[Items listed in a dataset]
============================================================
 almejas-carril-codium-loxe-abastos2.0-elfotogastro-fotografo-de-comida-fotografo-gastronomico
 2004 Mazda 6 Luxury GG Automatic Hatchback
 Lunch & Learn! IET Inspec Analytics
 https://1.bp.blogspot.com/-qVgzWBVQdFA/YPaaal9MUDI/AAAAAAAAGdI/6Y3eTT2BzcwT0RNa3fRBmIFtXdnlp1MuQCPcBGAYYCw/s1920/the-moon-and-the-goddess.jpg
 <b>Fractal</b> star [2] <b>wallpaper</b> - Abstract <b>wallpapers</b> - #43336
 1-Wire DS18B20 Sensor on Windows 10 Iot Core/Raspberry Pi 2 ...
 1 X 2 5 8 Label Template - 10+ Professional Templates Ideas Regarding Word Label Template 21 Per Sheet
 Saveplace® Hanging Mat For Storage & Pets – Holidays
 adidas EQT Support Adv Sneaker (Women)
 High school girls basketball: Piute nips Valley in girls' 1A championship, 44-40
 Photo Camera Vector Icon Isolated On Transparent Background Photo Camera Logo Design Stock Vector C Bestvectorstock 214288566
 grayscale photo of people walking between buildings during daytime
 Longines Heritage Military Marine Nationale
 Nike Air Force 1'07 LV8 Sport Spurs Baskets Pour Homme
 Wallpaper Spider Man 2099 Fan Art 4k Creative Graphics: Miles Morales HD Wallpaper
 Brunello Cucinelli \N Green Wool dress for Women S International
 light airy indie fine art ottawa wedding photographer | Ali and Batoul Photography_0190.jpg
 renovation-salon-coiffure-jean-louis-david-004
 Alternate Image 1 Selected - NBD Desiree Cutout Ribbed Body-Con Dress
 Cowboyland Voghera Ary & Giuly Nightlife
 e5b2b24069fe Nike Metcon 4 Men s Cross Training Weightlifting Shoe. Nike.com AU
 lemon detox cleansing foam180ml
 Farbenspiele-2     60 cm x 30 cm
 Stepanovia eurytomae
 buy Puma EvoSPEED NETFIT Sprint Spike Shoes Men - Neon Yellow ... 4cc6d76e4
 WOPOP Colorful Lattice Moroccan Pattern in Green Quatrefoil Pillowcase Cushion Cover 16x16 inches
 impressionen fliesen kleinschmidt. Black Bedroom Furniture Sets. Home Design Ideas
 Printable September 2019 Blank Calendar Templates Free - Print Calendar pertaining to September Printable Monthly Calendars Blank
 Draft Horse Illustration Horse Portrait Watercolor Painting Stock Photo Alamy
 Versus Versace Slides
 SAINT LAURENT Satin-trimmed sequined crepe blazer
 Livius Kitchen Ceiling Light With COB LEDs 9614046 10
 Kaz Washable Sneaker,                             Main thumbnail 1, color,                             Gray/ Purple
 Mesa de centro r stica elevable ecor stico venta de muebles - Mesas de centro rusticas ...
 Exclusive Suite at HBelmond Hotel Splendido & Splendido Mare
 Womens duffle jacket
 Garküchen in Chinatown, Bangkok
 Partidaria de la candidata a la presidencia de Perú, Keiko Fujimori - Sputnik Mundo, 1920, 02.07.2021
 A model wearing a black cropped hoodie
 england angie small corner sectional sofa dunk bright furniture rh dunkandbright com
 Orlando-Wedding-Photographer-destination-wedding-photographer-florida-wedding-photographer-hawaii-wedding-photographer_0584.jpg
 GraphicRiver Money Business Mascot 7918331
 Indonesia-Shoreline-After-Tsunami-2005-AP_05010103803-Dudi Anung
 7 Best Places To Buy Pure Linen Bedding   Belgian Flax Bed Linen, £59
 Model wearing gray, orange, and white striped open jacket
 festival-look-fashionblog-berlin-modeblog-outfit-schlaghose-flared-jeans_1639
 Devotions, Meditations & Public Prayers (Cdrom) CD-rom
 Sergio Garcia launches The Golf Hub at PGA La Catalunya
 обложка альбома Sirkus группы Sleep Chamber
============================================================
In the records above, find the line with "e5b2b24069fe Nike Metcon"; write out exactly that line and each one after it, stopping after the line with "buy Puma EvoSPEED".

 e5b2b24069fe Nike Metcon 4 Men s Cross Training Weightlifting Shoe. Nike.com AU
 lemon detox cleansing foam180ml
 Farbenspiele-2     60 cm x 30 cm
 Stepanovia eurytomae
 buy Puma EvoSPEED NETFIT Sprint Spike Shoes Men - Neon Yellow ... 4cc6d76e4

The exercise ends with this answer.